Conclui a ala da rua de Rivoli, concebida sob Napoleão I para ser simétrica à galeria da margem do rio. Esta é, por sua vez, modificada e alberga atualmente a escadaria de honra, principal acesso às galerias do museu até às transformações do final do século XX.

Os pavilhões que enquadram a atual Cour Carrée e delimitam quatro pátios interiores são também construídos. As obras de estrutura estão praticamente concluídas no início de 1855. O Palácio do Louvre é terminado e inaugurado por Napoleão III a 14 de agosto de 1857.
A Terceira República e a destruição das Tulherias

Os eventos trágicos da Comuna, em 1871, levaram ao incêndio do Palácio das Tulherias, construído sob o reinado de Catarina de Médici no século XVI. A ala norte do Louvre também foi devastada pelas chamas. O novo governo republicano encarregou Lefuel de reconstruir o Pavilhão de Marsan segundo o modelo que já havia realizado para o Pavilhão de Flora, bem como parte da ala Rohan.

Essas obras foram realizadas entre 1874 e 1880, mas a falta de fundos impediu Lefuel de construir um equivalente ao Pavilhão das Sessões.
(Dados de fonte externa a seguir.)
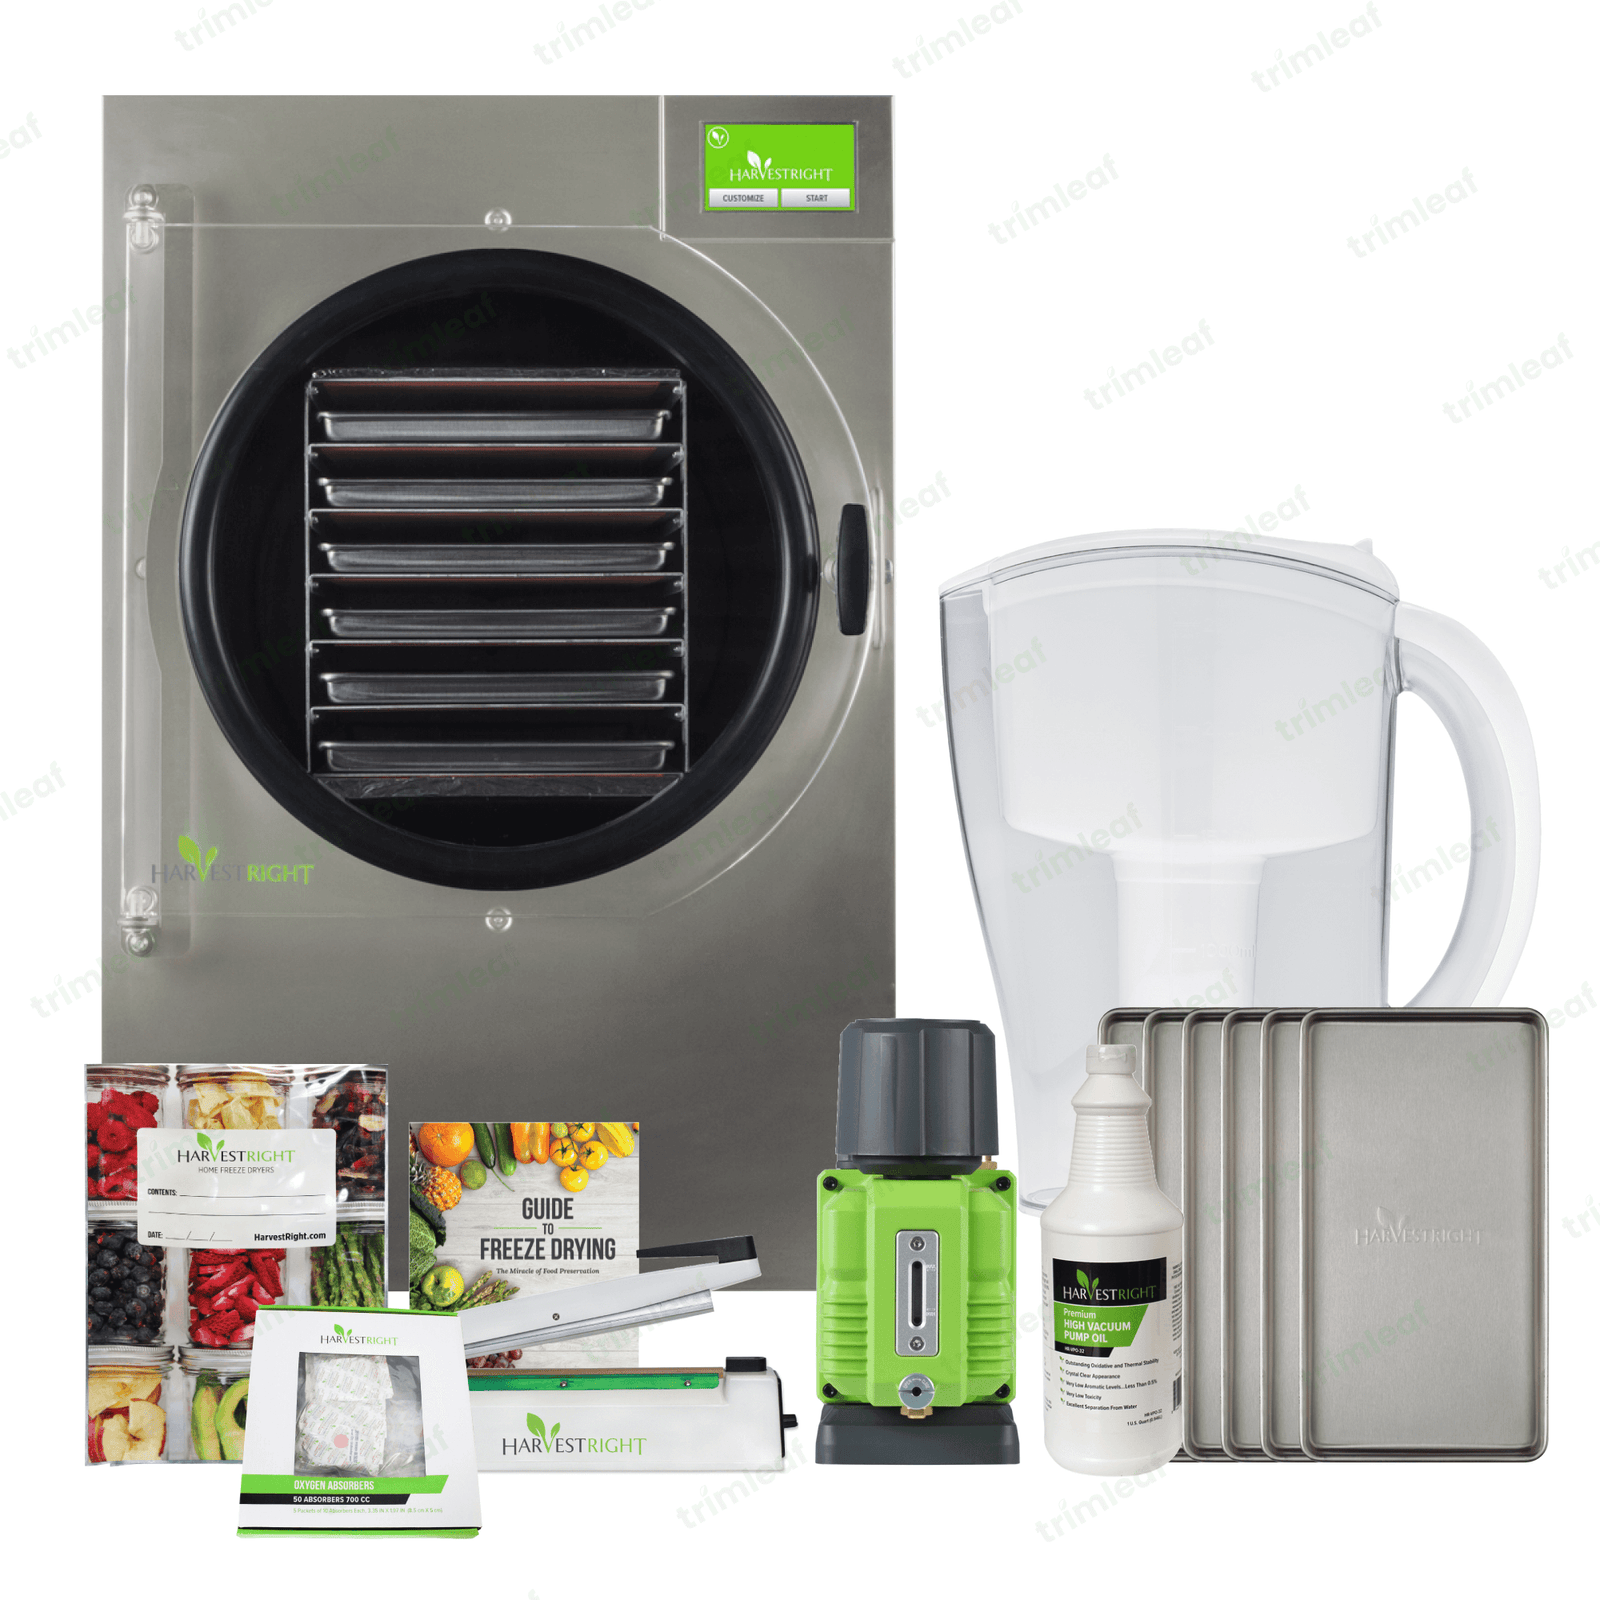 https://cdn.shopify.com/s/files/1/1383/1731/files/harvest-right-harvest-right-6-tray-large-pro-stainless-steel-freeze-dryer-w-mylar-kit-39887973122264_1600x.png?v=1699308937

O projeto previa instalar ali um teatro, além dos vastos guichês ao norte, semelhantes aos já construídos ao sul.

O Palácio das Tulherias permaneceu em ruínas por doze anos e nunca foi reconstruído. Certamente, alguns projetos consideraram reconstruir um edifício que lembrasse as proporções do palácio desaparecido para abrigar um museu de arte moderna, mas a instabilidade política persistiu e adiou qualquer decisão.

Em 1963, o ministro da Cultura, André Malraux, decidiu recriar os fossos orientais do Louvre em frente à colunata de Perrault, demolir os jardins e remover as grades. Esse projeto não respondia a uma vontade histórica e contribuiu para destacar o palácio da cidade, a fim de valorizá-lo melhor.
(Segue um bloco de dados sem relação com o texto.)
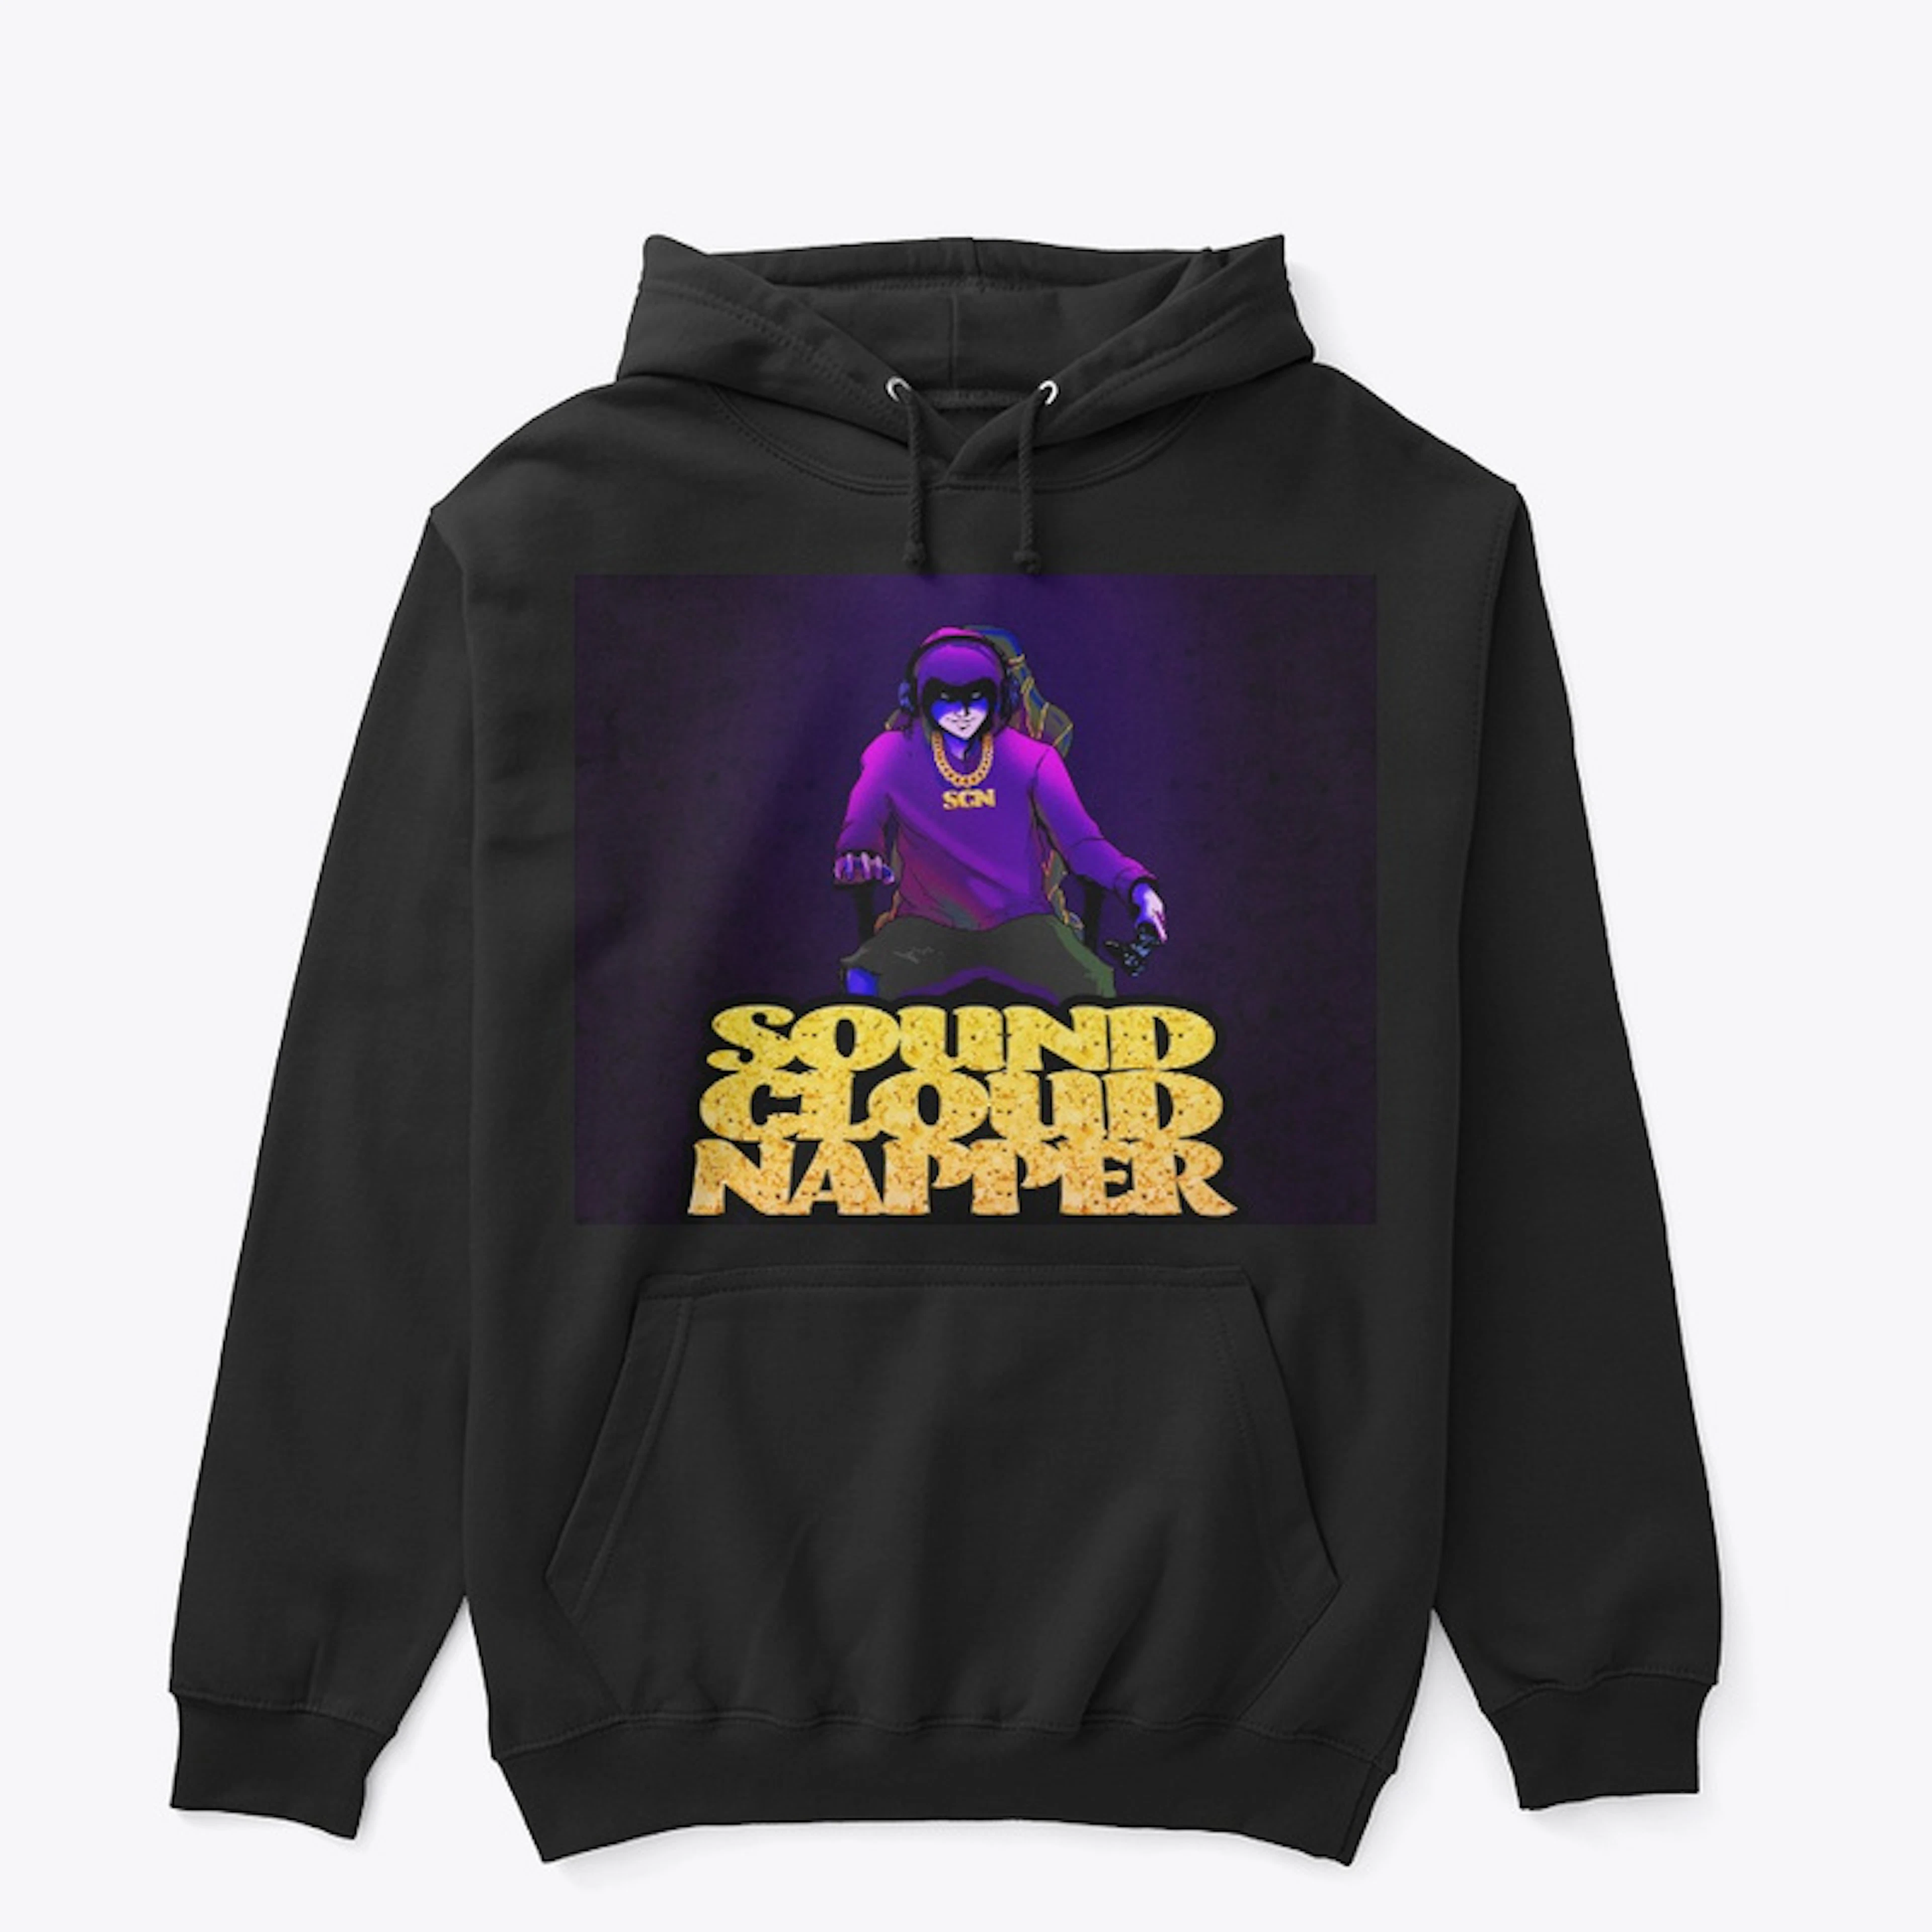 Soundcloudnapper Pullover Hoodie

Época contemporânea: o Grand Louvre De 1981 a 1999, o palácio passou por importantes obras de modernização, conhecidas como Grand Louvre. Elas tinham como objetivo devolver ao Palácio do Louvre sua função museológica (até 1989, parte dele abrigava também o Ministério das Finanças) e se caracterizam pela construção da pirâmide de vidro (inaugurada em 30 de março de 1989). A “Pirâmide”, localizada no coração do Pátio Napoleão, é obra do arquiteto sino-americano Ieoh Ming Pei. Ela dá acesso a um vasto saguão de recepção subterrâneo. Uma cópia em chumbo da estátua equestre de Luís XIV como Marco Cúrcio, de Le Bernin e Girardon, foi posteriormente adicionada ao local.

As obras de construção e reforma permitiram descobrir importantes vestígios da fortaleza medieval, integrados à oferta de visita do museu.

Hoje, o palácio abriga:

o Museu do Louvre (para mais informações, clique em Museu do Louvre),
as Artes Decorativas e suas coleções (artes decorativas, moda e têxteis, além do Museu da Publicidade, localizado nas proximidades: coleções publicitárias, biblioteca e “oficinas do Carrossel”),
a Escola do Louvre (sedes Rohan e Flora),
o Centro de Pesquisa e Restauração dos Museus da França (C2RMF): laboratório Carrossel e oficinas Flora para a restauração de obras dos museus franceses ou internacionais,
as galerias comerciais do Carrossel do Louvre: 16 000 m², mais de 50 lojas,
o espaço de exposições do “Carrossel do Louvre” na Paris Expo: 7 100 m², 4 salas destinadas a receber eventos de prestígio.